Like AWS and Azure, pods are not allowed access to metadata service unless they are host-network for security reasons.

Comment 1 Christian Huffman 2019-08-30 20:56:45 UTC
I spent a fair bit of time attempting to test this in the openshift/origin repository. From discussions with other developers, this isn't readily reproducible in kubernetes, as they use docker instead of cri-o.

I was able to resolve the issue by running the "[sig-storage] CSI Volumes [Driver: pd.csi.storage.gke.io][Serial] [Testpattern: Dynamic PV (default fs)] subPath should support non-existent path [Suite:openshift/conformance/serial] [Suite:k8s]" test and manually editing the DaemonSet and StatefulSet to include `hostNetwork: true`. I've submitted https://github.com/kubernetes/kubernetes/pull/82197 to address this in upstream. Once merged I'll backport the fix to openshift/origin.

Comment 2 Jan Safranek 2019-09-02 11:33:23 UTC
I'd prefer fixing CRI-O in bug #1718389 (aiming at 4.3) instead of changing of every test Pod. We can disable the offending CSI tests in 4.2.

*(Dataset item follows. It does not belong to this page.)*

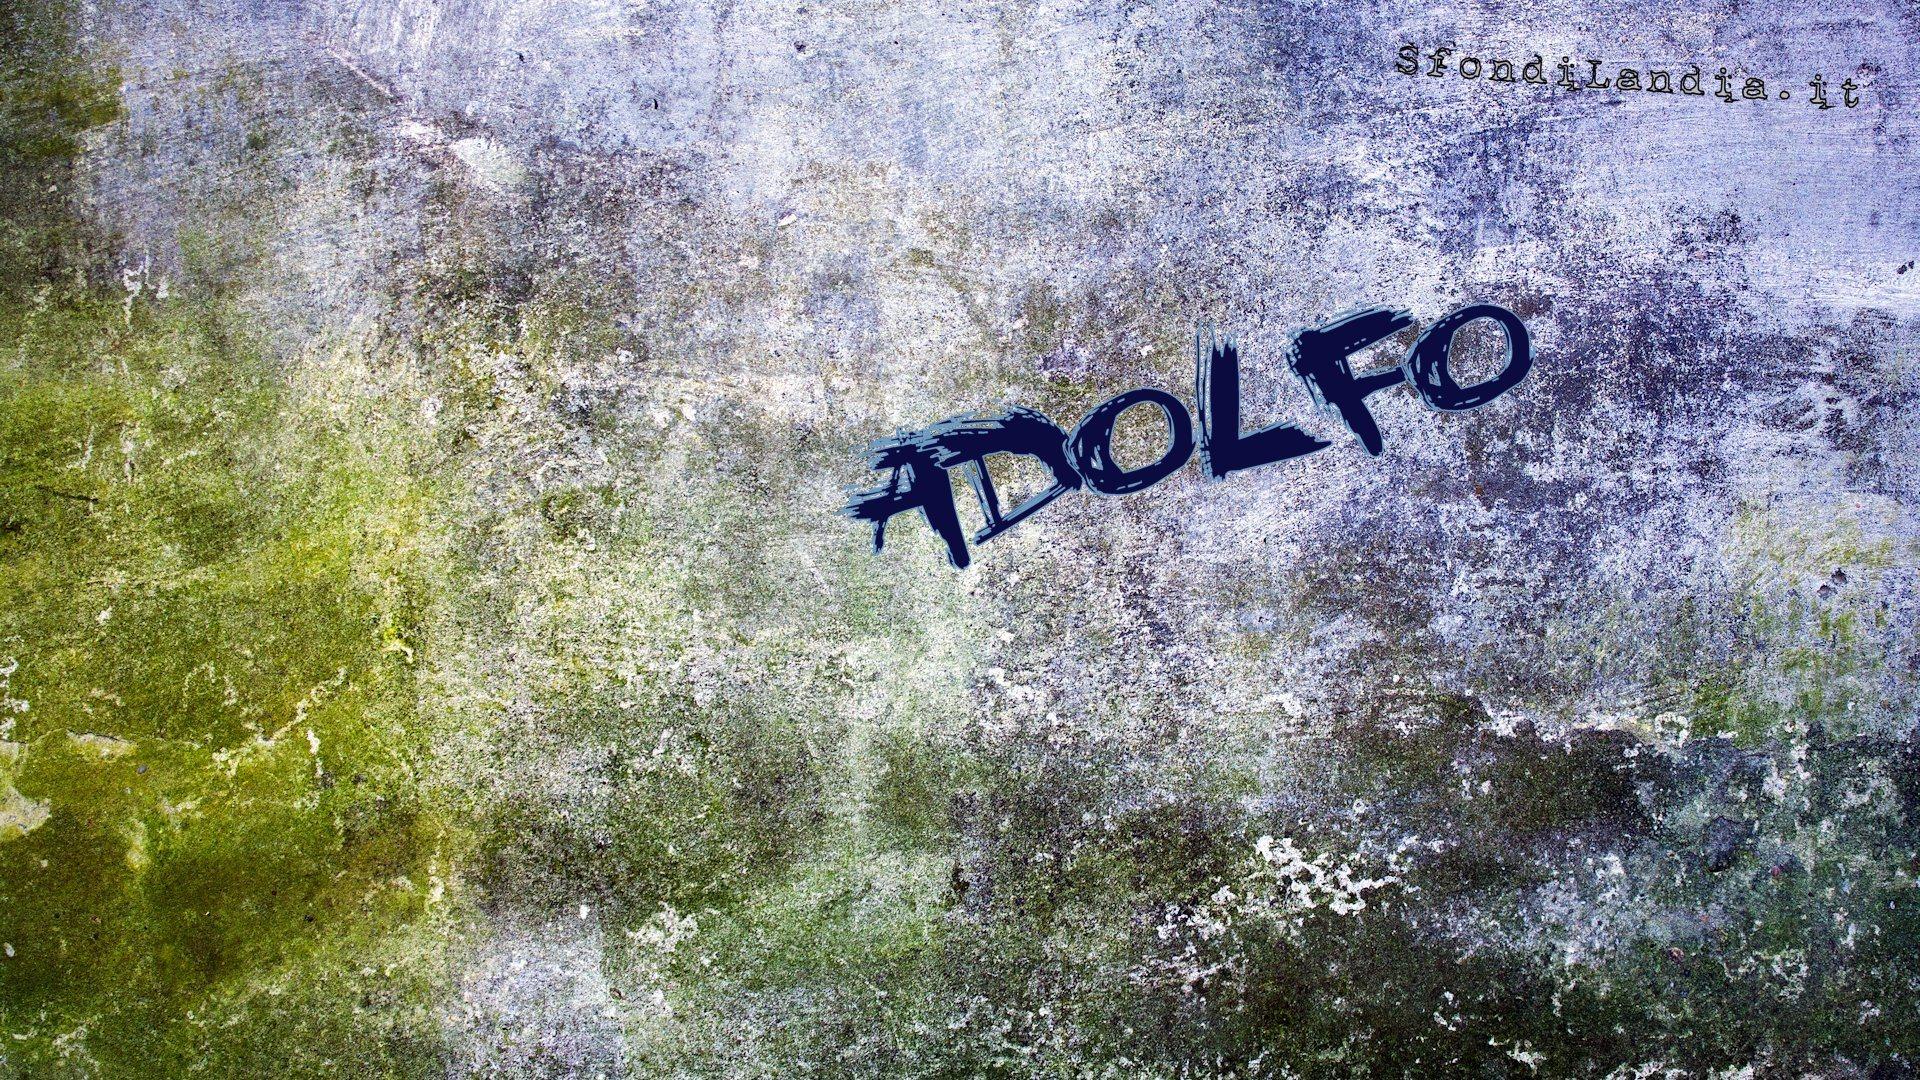 Adolfo

Comment 4 Christian Huffman 2019-09-03 14:55:09 UTC
After discussing this during the bug triage meeting, we're going to close [1] and focus on addressing the CRI-O bug for 4.3. The offending CSI tests will be disabled in 4.2.

[1] https://github.com/kubernetes/kubernetes/pull/82197

Comment 5 Christian Huffman 2019-09-03 19:41:13 UTC
I've submitted https://github.com/openshift/origin/pull/23720 to disable these tests for OCP 4.2. These should be re-enabled once the CRI-O bug is resolved.

Comment 8 errata-xmlrpc 2019-10-16 06:37:32 UTC
Since the problem described in this bug report should be
resolved in a recent advisory, it has been closed with a
resolution of ERRATA.

For information on the advisory, and where to find the updated
files, follow the link below.

If the solution does not work for you, open a new bug report.

https://access.redhat.com/errata/RHBA-2019:2922